Le design numérique: la valeur est dans l’usage

Le designer Jean-Louis Frechin, fondateur de la société NoDesign et enseignant à l’ENSCI (École nationale supérieure de création industrielle), présente la notion de design numérique.

Le journal de l’innovation a eu la gentillesse de m’interroger sur le design et l’innovation.

Qu’est-ce que le design numérique ?
Cette évolution du design est l’art de la conception des produits numériques. L’idée est que les objets sont souvent liés à des représentations de services. Dans ce contexte, le design s’intéresse à la « relation » entre un objet ou un service et un individu. Aujourd’hui, les objets ou les interfaces ne répondent plus à un besoin mais à une forme de désir et de proposition inscrite dans une culture et un contexte. Pour le designer, cela change tout. Les objets sont issus d’un monde numérisé, une internalisation. Ils deviennent en conséquence des services dans la mesure où l’objet représente et incarne l’usage. La chaîne de valeur en est totalement modifiée. La valeur n’est plus dans la propriété mais dans l’usage. Quand les téléphones portables sont à 1 euro, le véritable produit, c’est l’abonnement. 

Qu’en est-il du développement de cette vision en France ? 

La notion de la valeur de l’usage n’est pas comprise en France et les entreprises échouent dans la mise sur le marché de produits grand public. Un jeune aujourd’hui achète des vêtements américains ou un téléphone japonais, mais rien de français. Aucun modèle n’est créé pour susciter l’envie. Il n’y a pas de place pour l’innovation non technologique portée par les designers. Le design commence là où s’arrête l’industrie. Dans le même temps, la culture reste cantonné à des temps privés (le soir ou le week-end) et ne se retrouve jamais dans le business. Il y a ainsi un fossé entre la culture et l’entreprise. Pourtant, de nombreux pays européens (Allemagne, Royaume-Uni, pays scandinaves) ont lancé, il y a déjà 20 ou 30 ans, des structures ou des programmes qui font la promotion du design et de sa démarche. En Corée, la politique de design implanté il y a 30 ans a permis l’émergence de Samsung. La France reste un des seuls pays sans programme de design, malgré des initiatives comme celles de l’APCI (Agence pour la Promotion de la Création Industrielle) ou la création du Lieu du Design qui sont à souligner. 

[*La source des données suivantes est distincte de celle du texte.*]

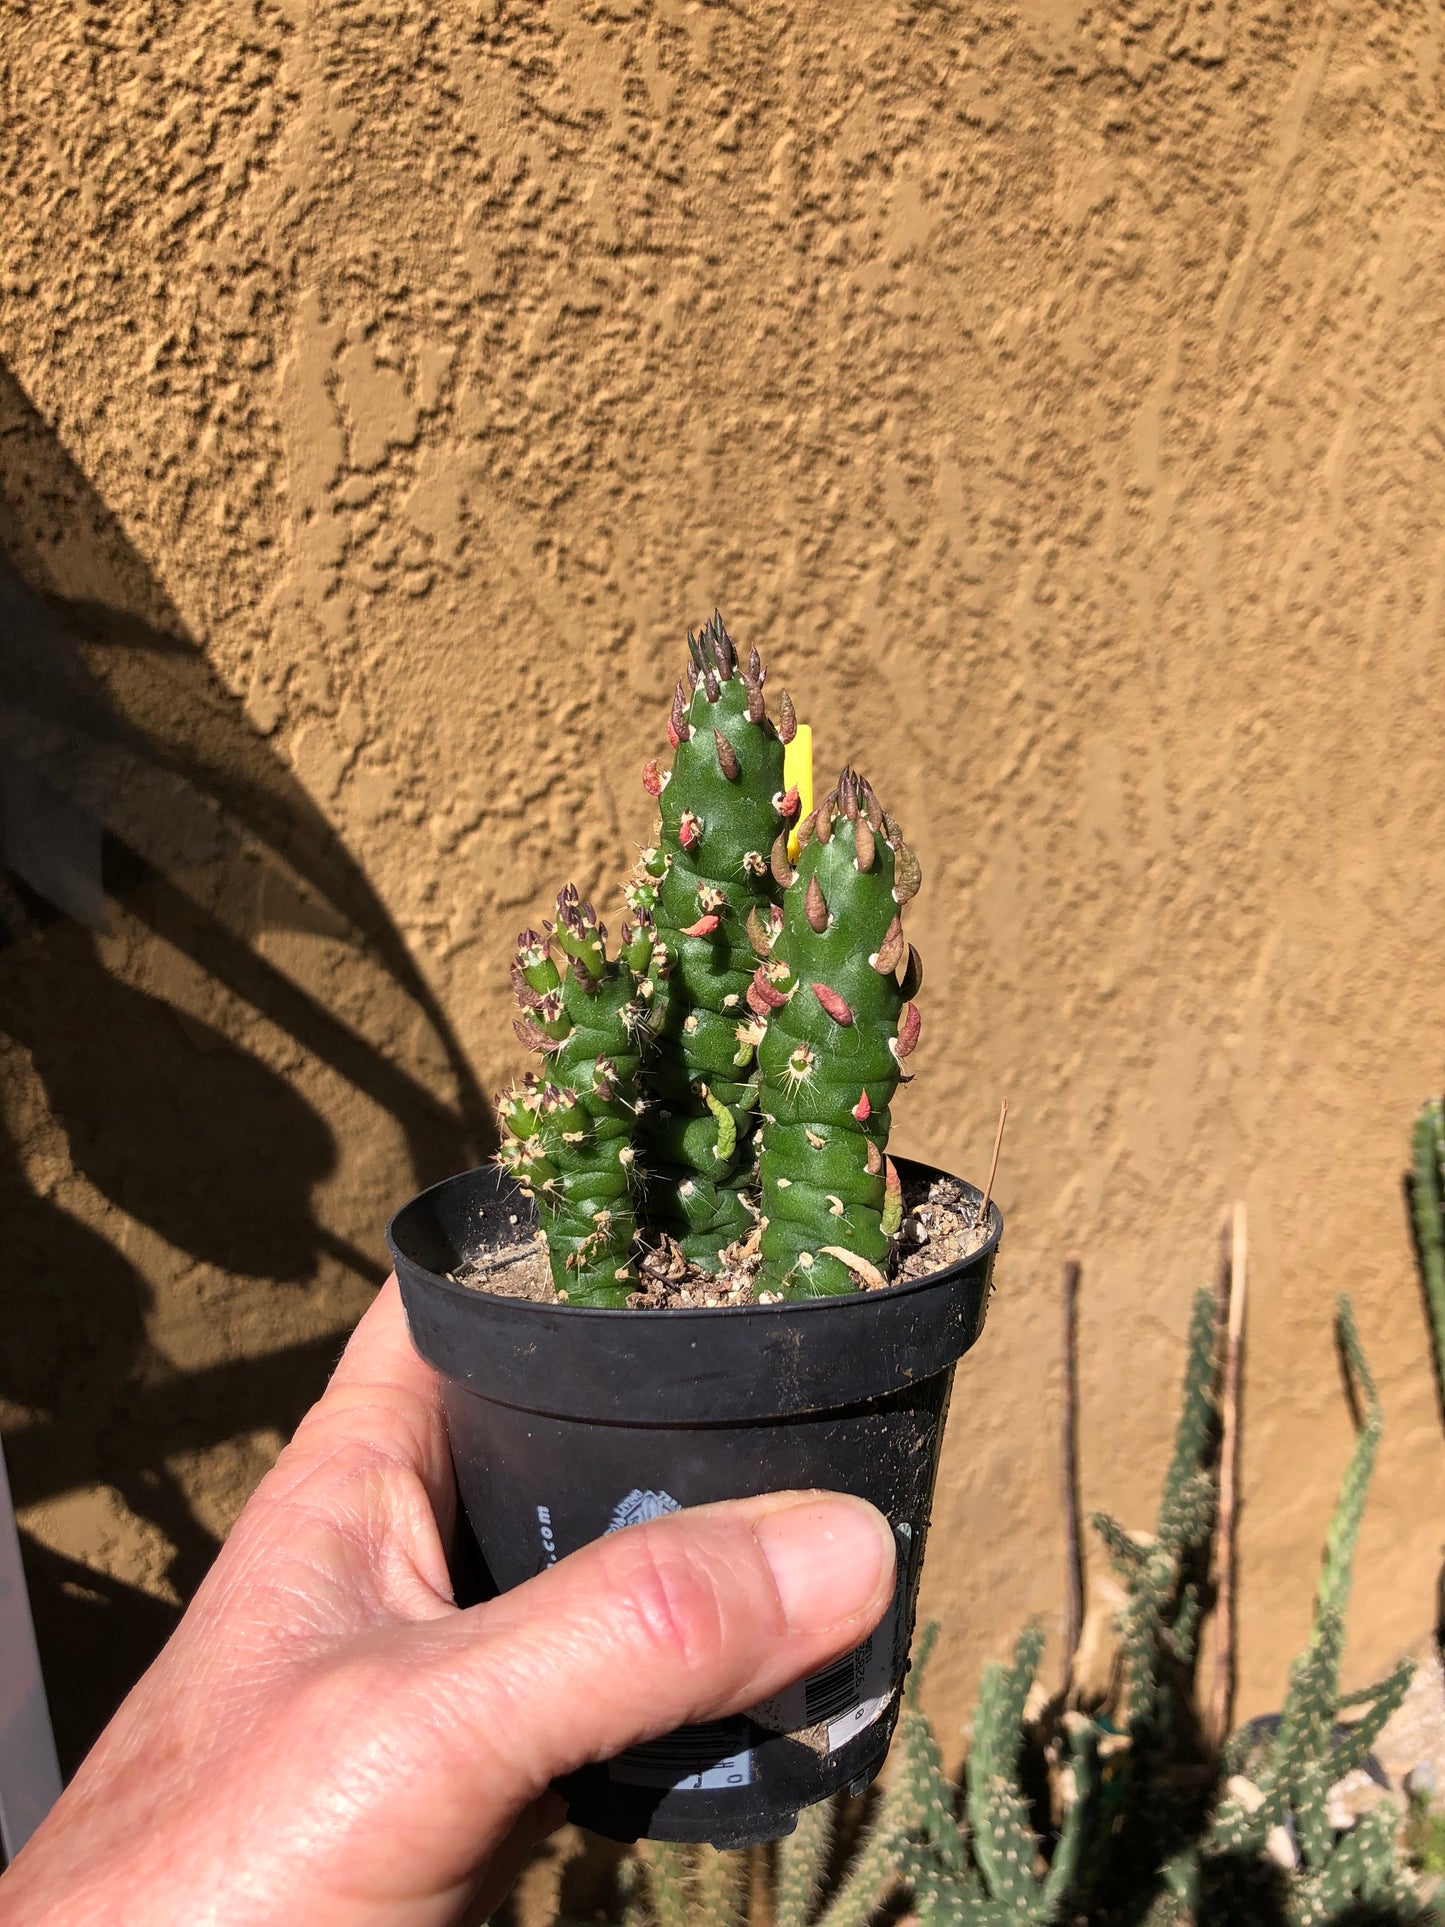 Austrocylindropuntia Cactus Gumbi Mini Eve's Needle 3.5"Tall #7Y

Y a-t-il des signes de changement, de prise en compte de cette vision ?

Si le constat est affligeant, on constate une dynamique, née de la fin d’un modèle. La France se remet en mouvement. Les Etats Généraux de l’Industrie, les pôles de compétitivité, les initiatives comme la Fondation Internet Nouvelle Génération (FING) et dans une moindre mesure l’Emprunt national, donnent des signes positifs d’engagement dans cette démarche. Des initiatives sont lancées. Au sein de l’agence NoDesign, nous collaborons avec le pôle de compétitivité Cap Digital qui est l’un des seuls pôles qui a compris la démarche du design et l’intègre. Une communauté design a même été mise en place dans le pôle. 

Dans nos activités concrètes, NoDesign est partenaire du projet Solen (Système numérique de Lecture Nomade) et de Start-ups comme ComWax ou Senda. Parallèlement, nous travaillons également sur des concepts de la ville numérique de demain. Cette réflexion s’est engagée à l’initiative d’acteurs régionaux. Elle vise à enrichir la seule dimension architecturale pour envisager la ville durable, partagée, numérique. À l’issue de cette réflexion, une exposition sera proposée.